Data mining — Easy Mining optional parameters for the PredictColumn procedure

In addition to the basic parameters for the PredictColumn procedure, you can specify optional parameters. Optional parameters modify the default settings of the PredictColumn procedure. For example, you can use an optional parameter to specify a subset of columns for the input table to the PredictColumn procedure.

The required quality of a prediction model depends on the application for which you want to use it. Being significantly better than random guessing might be a good result if you are using a prediction model. For example, if you want to predict cross-selling opportunities, you want to be sure that your prediction model has a reasonable quality of predicting what products a customer might buy together.

In other application areas, a very high prediction quality is mandatory, for example, if you want to use a reliable model to predict diseases from symptoms.

Removing fields from the input table

At times you might want to remove fields from the input table if there are causal relationships that are affecting the prediction quality of your model. This section describes a scenario on when you want to remove fields from your input table.

You might think that the prediction quality always should be as good as possible. In general, this is true. However, sometimes the result might be too good. The reason for a result that is too good can be that there are causal dependencies between the target field and some input fields.

For example, possessing a bank card leads to an increasing amount of debit transactions. Therefore, a high number of debit transactions seems to be a good indicator for possessing a bank card. However, the causal relationship is just the inverse. The possession of a bank card implies a higher amount of debit transactions.
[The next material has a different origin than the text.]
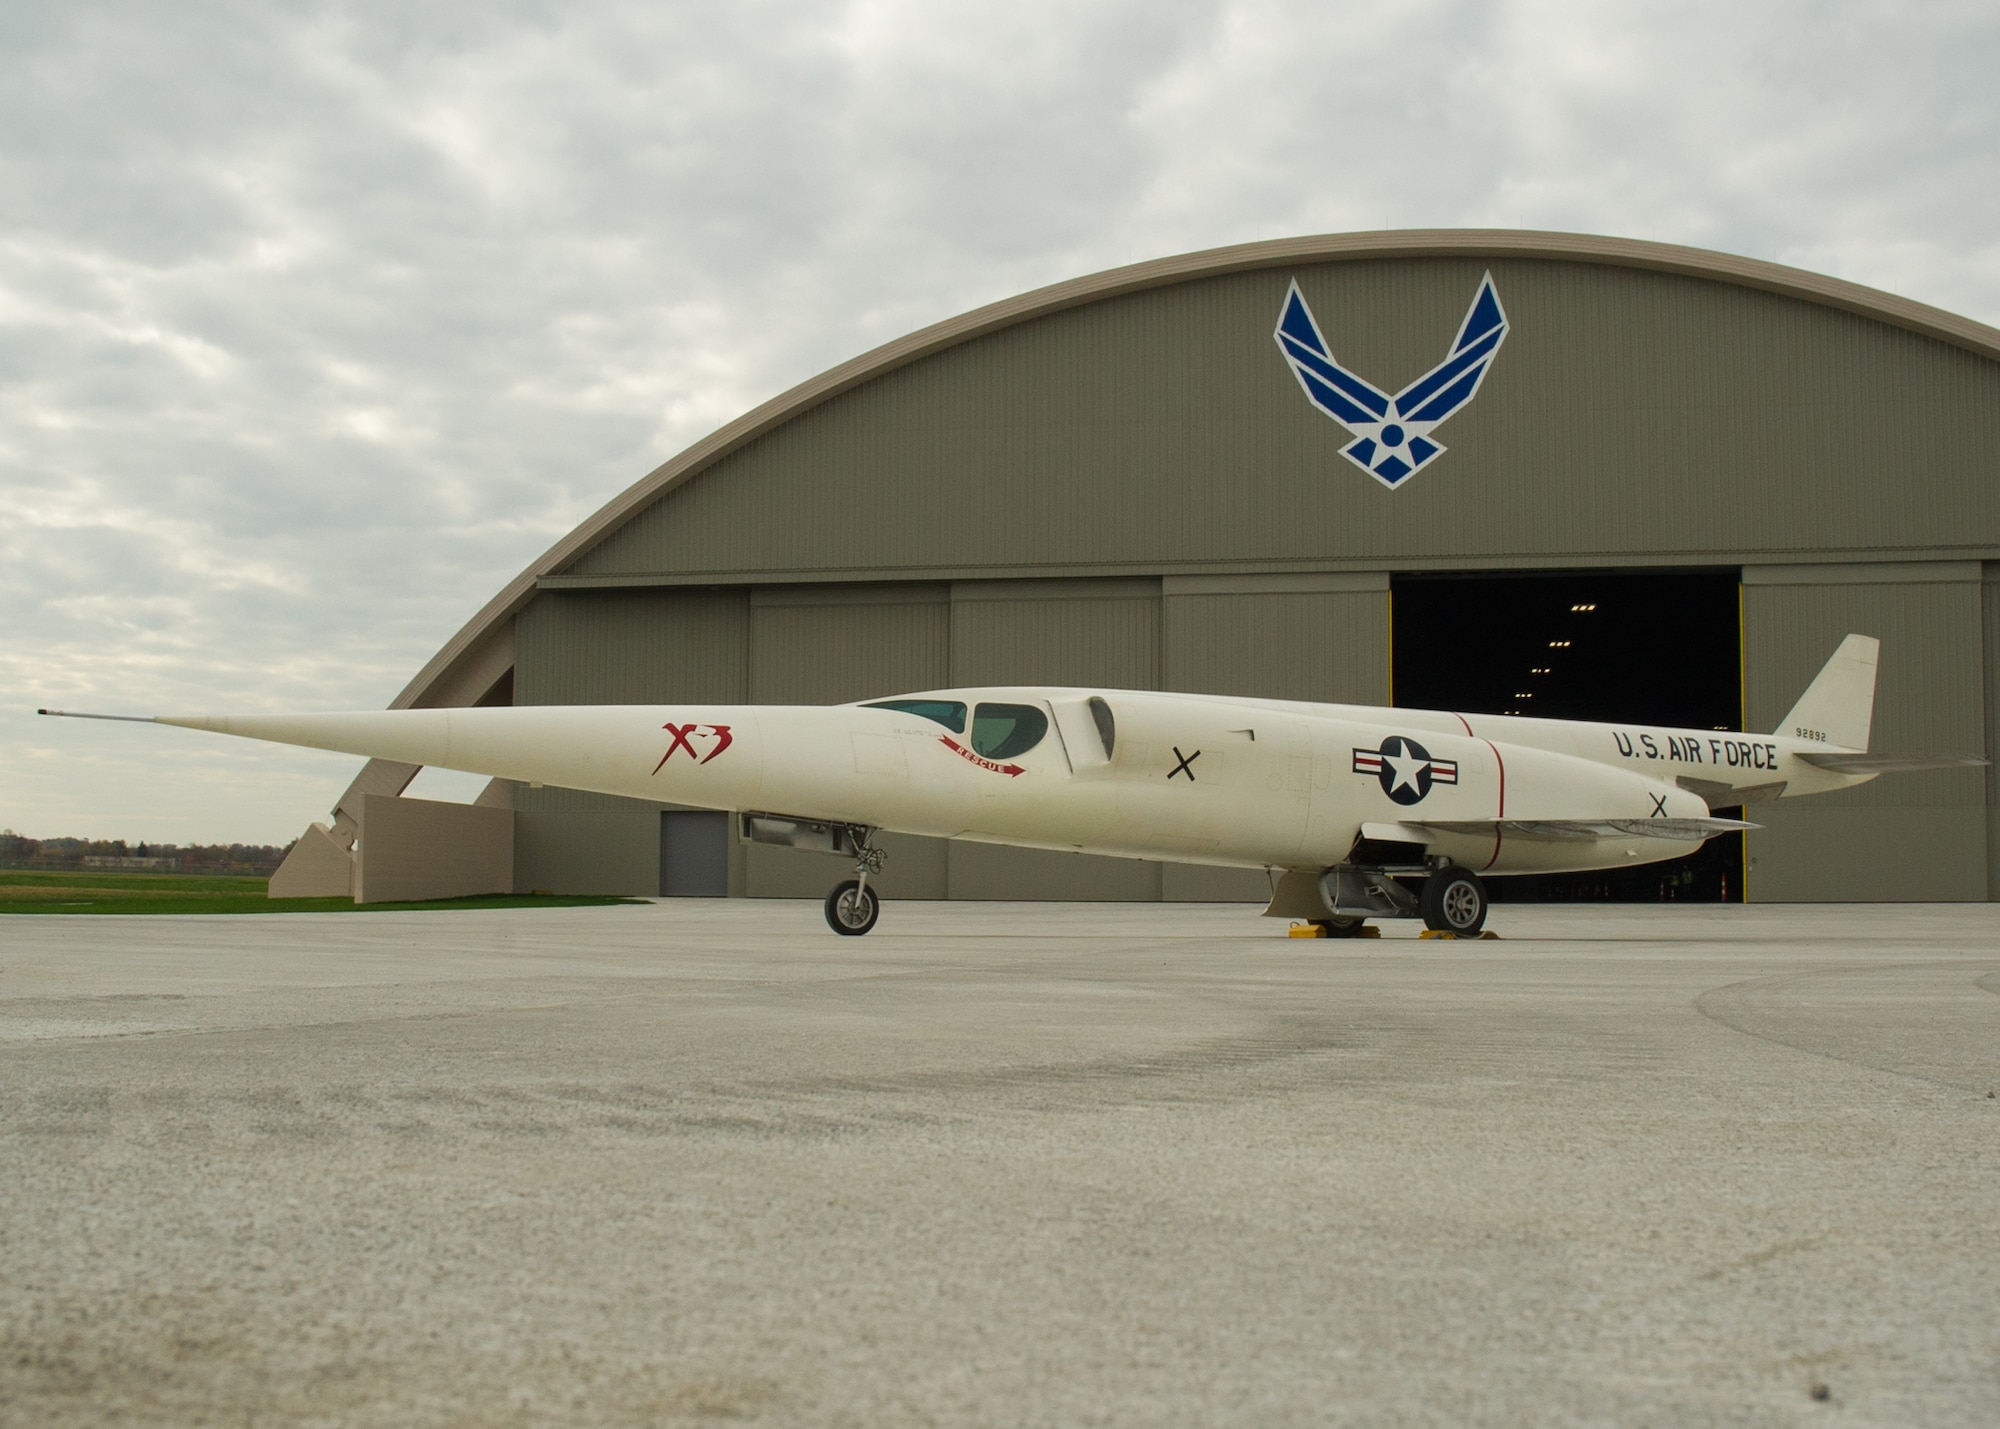 Restoration staff move the Douglas X-3 Stiletto into the new fourth building at the National Museum of the U.S. Air Force on Nov. 5, 2015. (U.S. Air Force photo by Ken LaRock)

It does not imply that a high number of debit transactions entails having a bank card.

There are more reasons for having a high amount of debit transactions.
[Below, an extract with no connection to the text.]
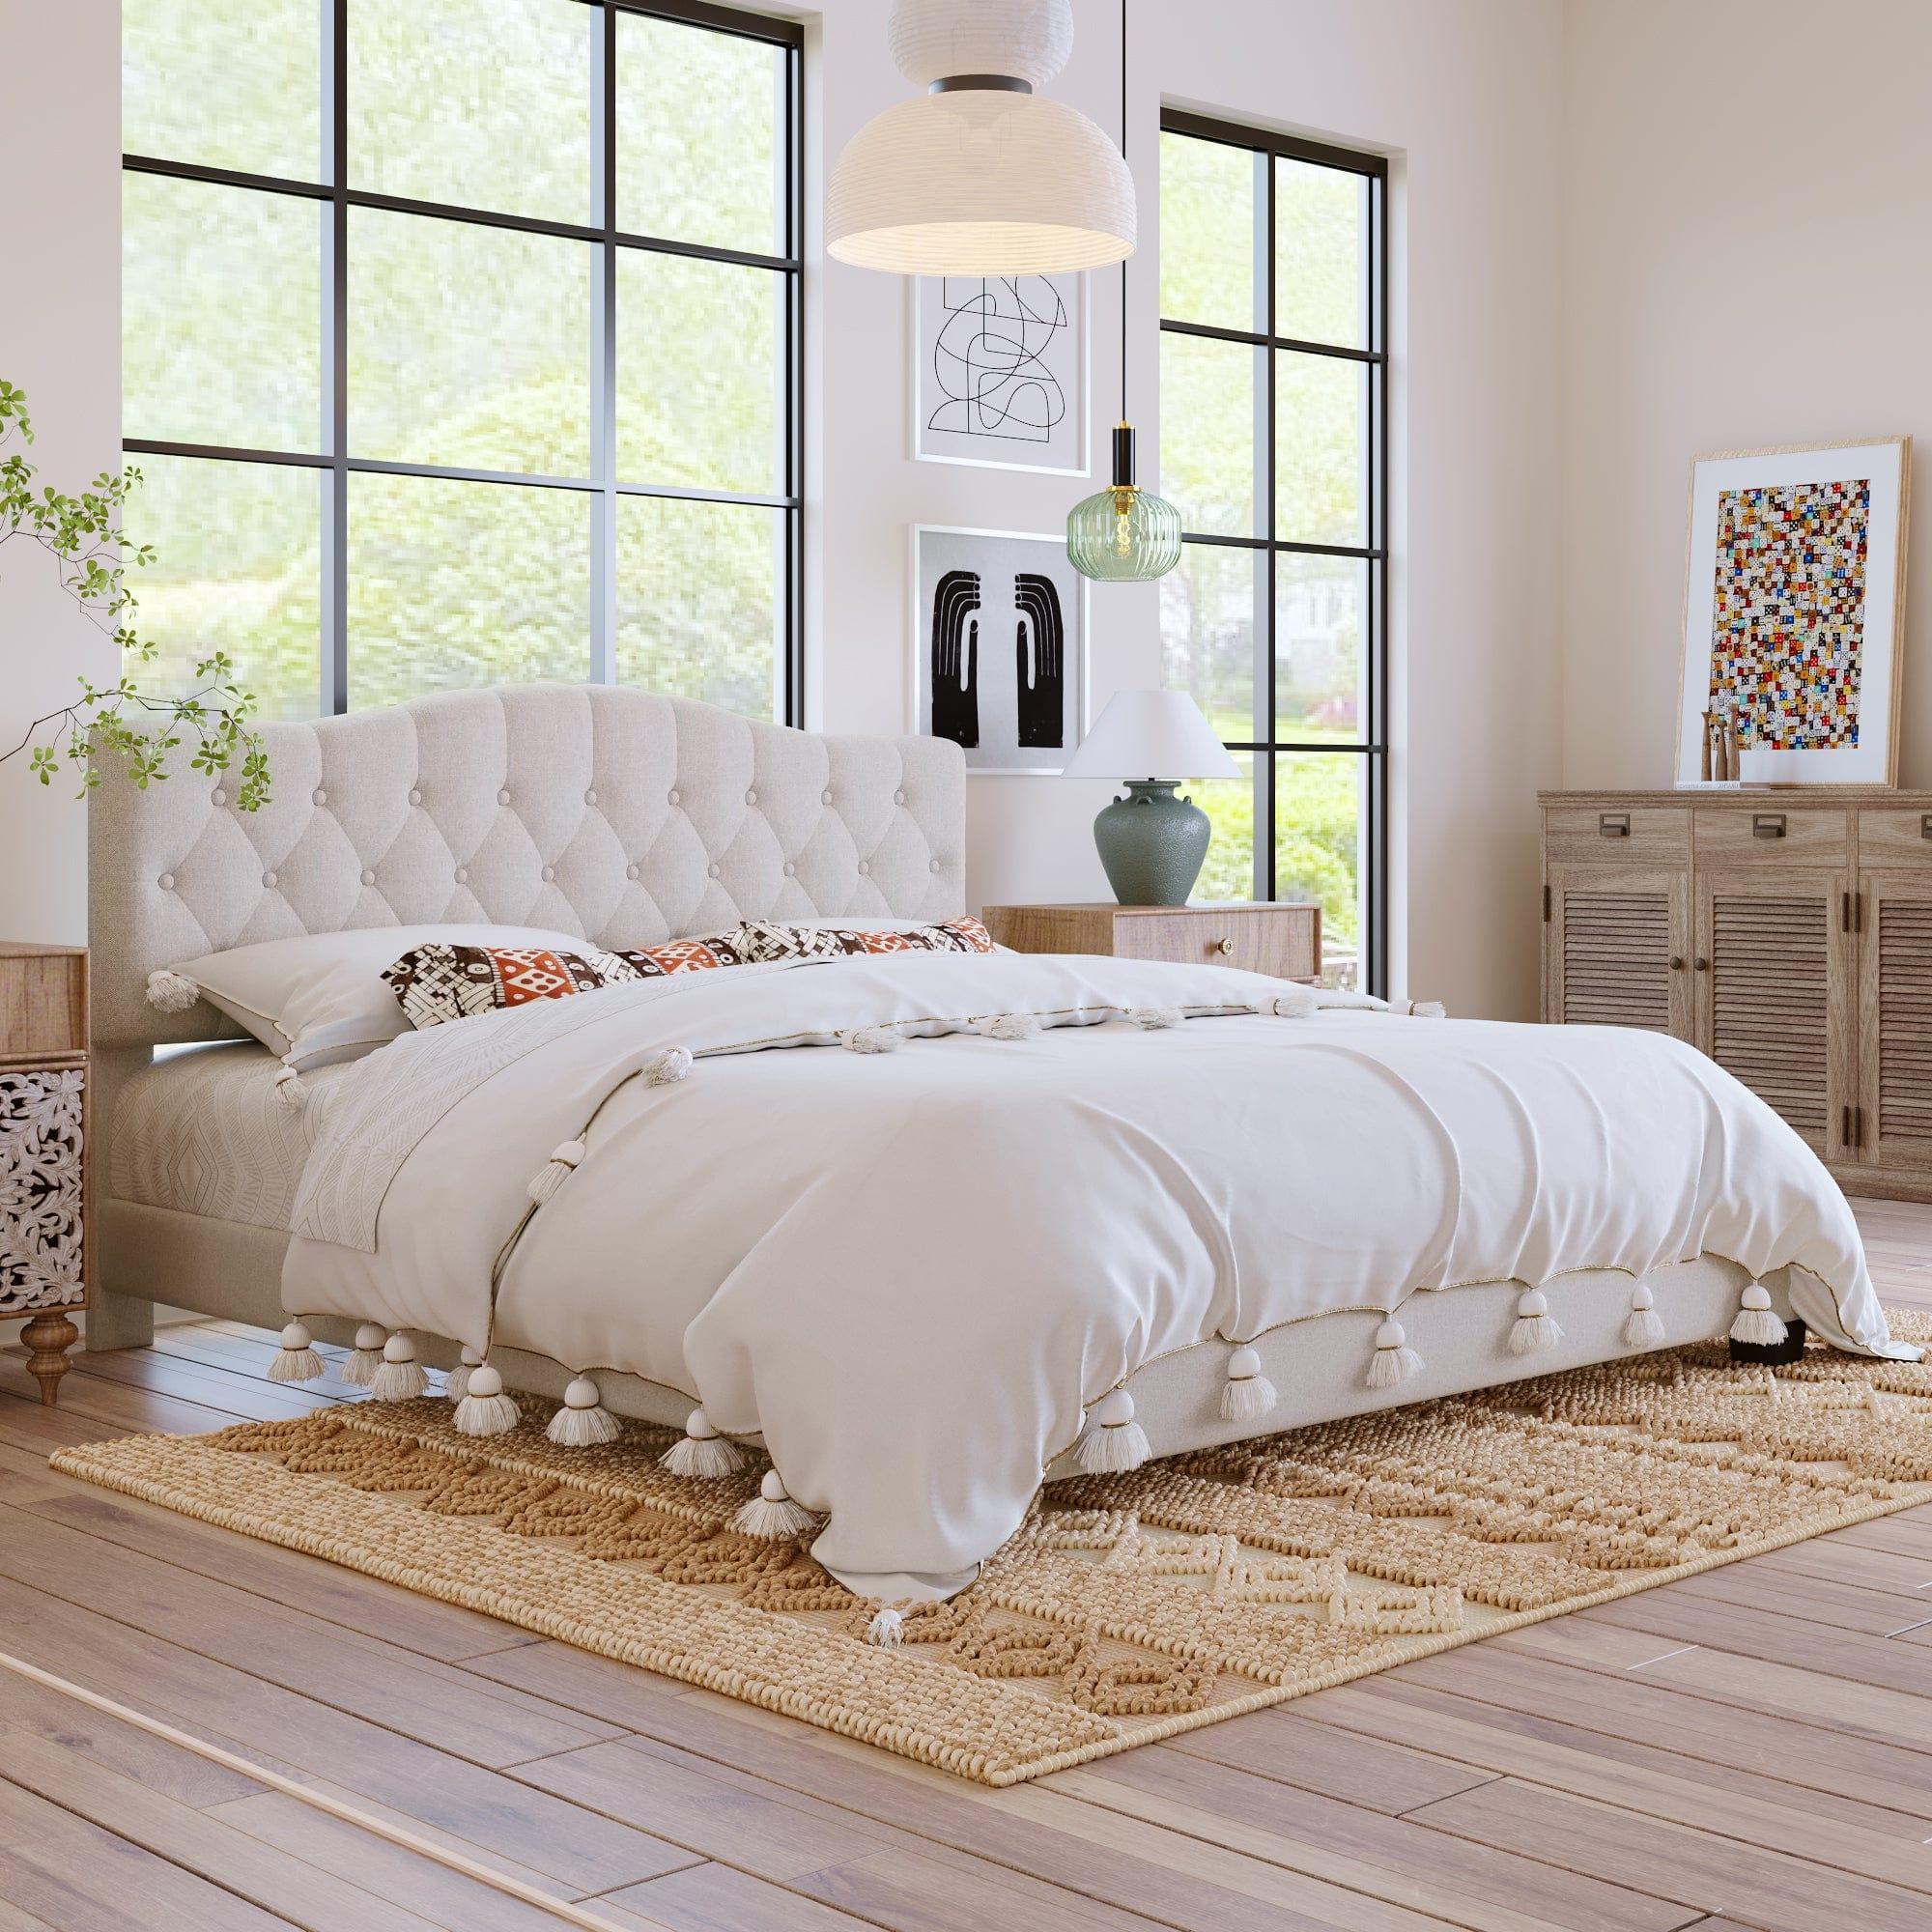 Shop Upholstered Platform Bed with Saddle Curved Headboard and Diamond Tufted Details, King, Beige Mademoiselle Home Decor

You should always examine the tests near the root node of the classification tree. You should check whether there are columns that have causal relationships. Whenever you identify columns with causal relationships, you must remove them from the input fields.

You might want to remove one or more fields from the input table because you do not want to use all fields to compute the model. To remove one field, you can use the DM_remDataSpecFld option. For example, to remove the column NBR_YEARS_CLI from the input table, you can use the following optional parameter string:

'DM_remDataSpecFld(''NBR_YEARS_CLI'')'

To remove more fields from the input table, you can use several DM_remDataSpecFld options in an Easy Mining procedure, or you can create a view that contains only the columns that you want to use. Use this view as input for the Easy Mining procedure.

Setting the depth of a classification tree

You can set more parameters of the Tree Classification mining function by using optional parameter strings. For example, if the target field is categorical, you might want to set the maximum tree depth.

Intelligent Miner® uses the Tree Classification mining function to predict the values of a categorical column. Classification trees can get very complex. You can limit the tree depth of classification trees by using the DM_setTreeClasPar option. For example, to set the tree depth to 5, the DM_setTreeClasPar option looks like this:

DM_setTreeClasPar('MaxDth', 5)

Example command with optional parameters

To determine the characteristics of bank card holders and non-bank card holders, you can use the PredictColumn procedure.

Use the following command to run the Easy Mining procedure:

db2 "call IDMMX.PredictColumn('BANK.BANKCARD_PRED', 
                              'BANK.BANKCUSTOMERS',
                              'BANKCARD'
                              'DM_setTreeClasPar(''MaxDth'', 5)')"

Where:

BANK.BANKCARD_PRED: is the name of the result view to be generated
BANK.BANKCUSTOMERS: is the name of the input table
BANKCARD: is the name of the target column

For a listing of optional parameter strings, see Optional parameter strings.